Nie przypadkiem w tytule tej książki znalazła się data jej powstania. Stało się tak głównie dlatego, że "Dziennik 1954" jest kroniką określonego czasu, i to czasu jak na dziennik niezwykle niedługiego: nie jednego roku choćby, ale zaledwie jednego kwartału, okresu od 1 stycznia do 2 kwietnia 1954. Stało się tak też dlatego, iż w postaci książki dziennik Tyrmanda ukazał się po raz pierwszy po ćwierćwieczu od napisania, w roku 1980 i autor pragnął zaznaczyć ten dystans. Stało się tak wreszcie chyba dlatego, iż rok 1954 był w biografii i twórczości Tyrmanda rokiem przełomowym. Kim był Leopold Tyrmand przed rokiem 1954? Mimo młodego wieku niemało miał już za sobą. Urodzony 16 maja 1920 w Warszawie w zasymilowanej rodzinie żydowskiej, po maturze wyjechał do Paryża, żeby w tamtejszej Akademii Sztuk ładnych studiować architekturę (1938-39). Z początkiem wojny znalazł się w Wilnie. Aresztowany w kwietniu 1941, został skazany na dwadzieścia pięć lat więzienia za "konspirację antylitewską". Z wybuchem wojny niemiecko-radzieckiej mógł więzienie zamienić na roboty przymusowe.
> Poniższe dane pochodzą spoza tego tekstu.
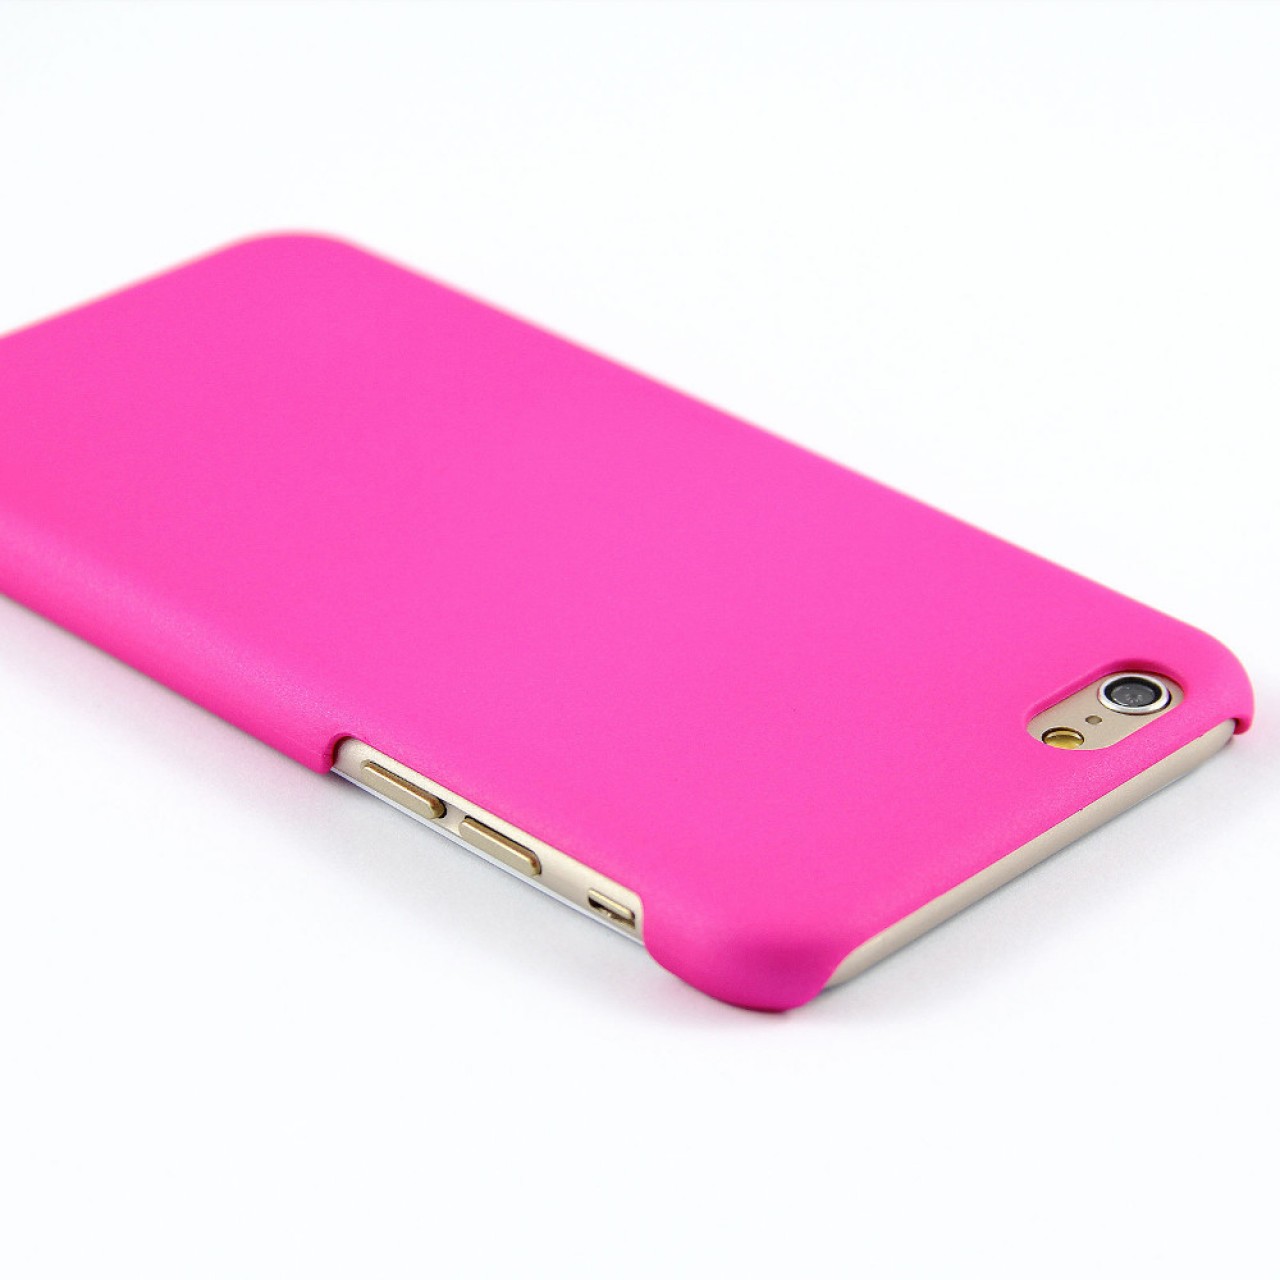 Θήκη iphone 5 / 5s / SE Σκληρή Πλαστική Frosted Ματ με επένδυση καουτσούκ - Ροζ - OEM

Imał się zróżnicowanych prac: był robotnikiem i kelnerem, kreślarzem i palaczem, wreszcie marynarzem. W tej ostatniej roli spróbował ucieczki; schwytany w Norwegii, trafił do obozu koncentracyjnego. Pobyt w Norwegii przyniósł Tyrmandowi znajomość języka norweskiego i materiał do pierwszej książki - Hotel Ansgar (Poznań, 1947). Po powrocie do kraju (1946) Tyrmand pracował najpierw jako dziennikarz w "Expresie Wieczornym" i "Słowie Powszechnym". W latach 1947-49 był członkiem redakcji "Przekroju", w roku następnym rozpoczął stałą współpracę z "Tygodnikiem Powszechnym". Praca ta skończyła się z chwilą odebrania pisma prawowitym redaktorom i przejęcia go poprzez Jana Dobraczyńskiego (1953).
Opinie i recenzje użytkowników
Dodaj opinie lub recenzję dla Dziennik 1954. Twój komentarz zostanie wyświetlony po moderacji.